- Location of Aadshit al-Qusayr in South Lebanon
- Location: Aadshit al-Qusayr and Bani Haiyyan, South Lebanon
- Date: 29–30 March 2026
- Target: UNIFIL Indonesian Garuda Contingent
- Attack type: Artillery attack and convoy explosion
- Weapons: Artillery, projectiles, and explosive devices
- Deaths: 3 Indonesian soldiers: 1 in shelling on 29 March 2 in vehicle explosion on 30 March
- Injured: 5 Indonesian soldiers

= 2026 attack on UNIFIL post in Aadchit al-Qusayr =

Series of military attacks in South Lebanon

On 29–30 March 2026, a series of attacks were carried out in the Aadshit al-Qusayr and Bani Hayyan areas of South Lebanon, involving positions and personnel of the United Nations Interim Force in Lebanon (UNIFIL). The incident resulted in the deaths of three peacekeepers from Indonesia and injured several others, sparking international condemnation and calls for an investigation by the United Nations (UN). The attack on 29 March, according to the UN, was carried out by Israel by firing a tank shell at a known UNIFIL location. The convoy explosion on March 30, on the other hand, was "most probably" caused by a tripwire-activated explosive device planted by Hezbollah.

== Attack ==
On 29 March 2026, an artillery projectile exploded near the Indonesian UNIFIL contingent's position in Aadchit El Qsair. The explosion killed one Indonesian National Armed Forces (TNI) soldier and injured several others.

On 30 March 2026, two more UNIFIL peacekeepers from Indonesia were killed by a "roadside explosion" near Bani Hayyan.

== Victims ==
The victims killed in this incident were three TNI personnel serving with the UNIFIL mission:

- Captain Zulmi Aditya Iskandar
- Sergeant First Class Muhammad Nur Ichwan
- Sergeant First Class Farizal Rhomadhon

Sergeant First Class Farizal Rhomadhon was killed on March 29. The two other men were killed on March 30.
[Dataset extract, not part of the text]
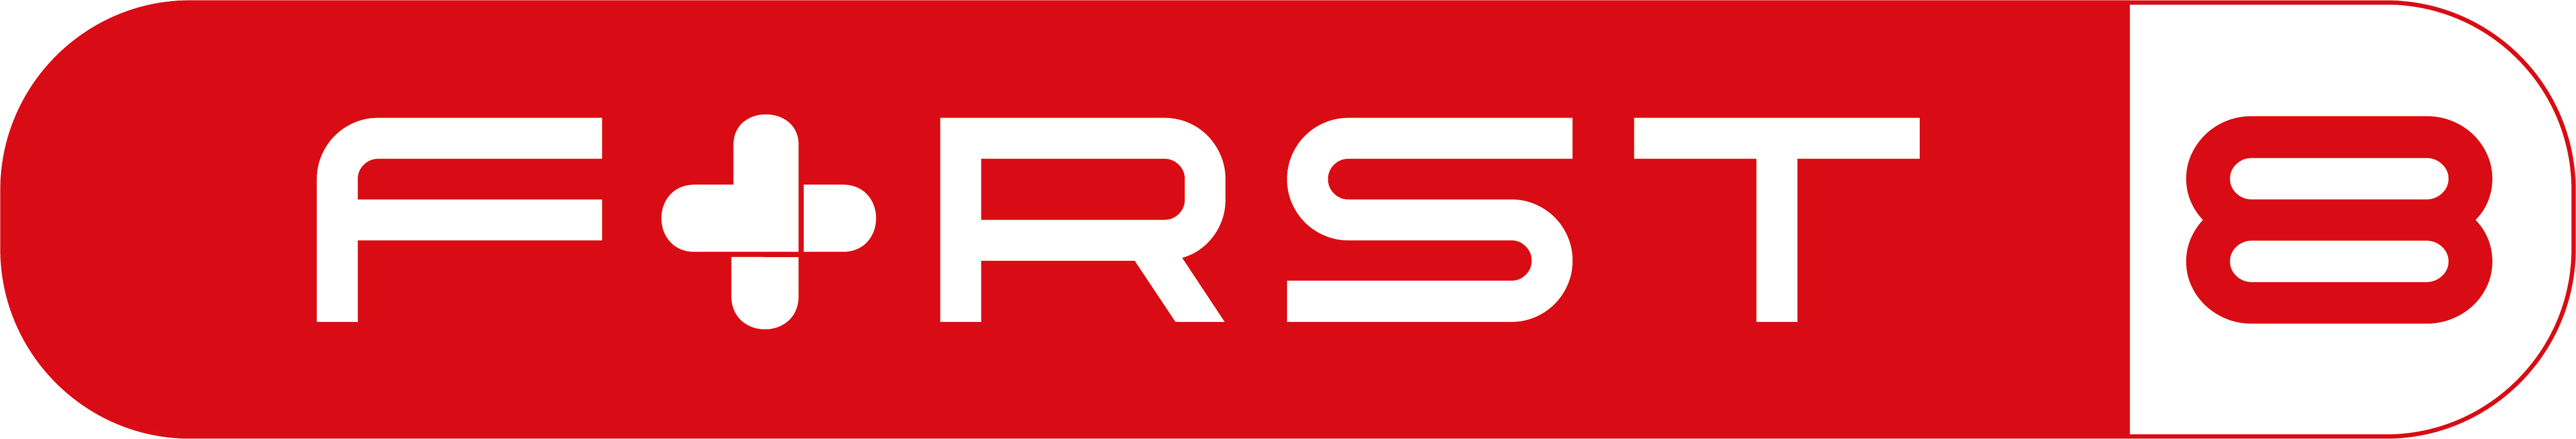 First-8 logo

In addition, several other personnel sustained injuries, including serious and minor injuries, some of whom were evacuated to medical facilities in Beirut for further treatment.

== Responsibility and investigation ==

UNIFIL stated that it is conducting an investigation to determine the cause and those responsible. The Indonesian government and several international parties have urged a thorough and transparent investigation. The Indonesian Ministry of Foreign Affairs emphasized that the safety of UN peacekeepers must be respected, in accordance with international law.

Shrapnel was recovered from the site, and the investigation concluded that the UNIFIL peacekeeper killed on 29 March was killed by a 120 mm shell fired by an Israeli tank.

However, the deaths on 30 March – when one vehicle in a UNIFIL convoy was hit by an explosion – are believed by the UN to have been caused by a tripwire-activated explosive device planted by Hezbollah, because another explosive device of this kind was found nearby.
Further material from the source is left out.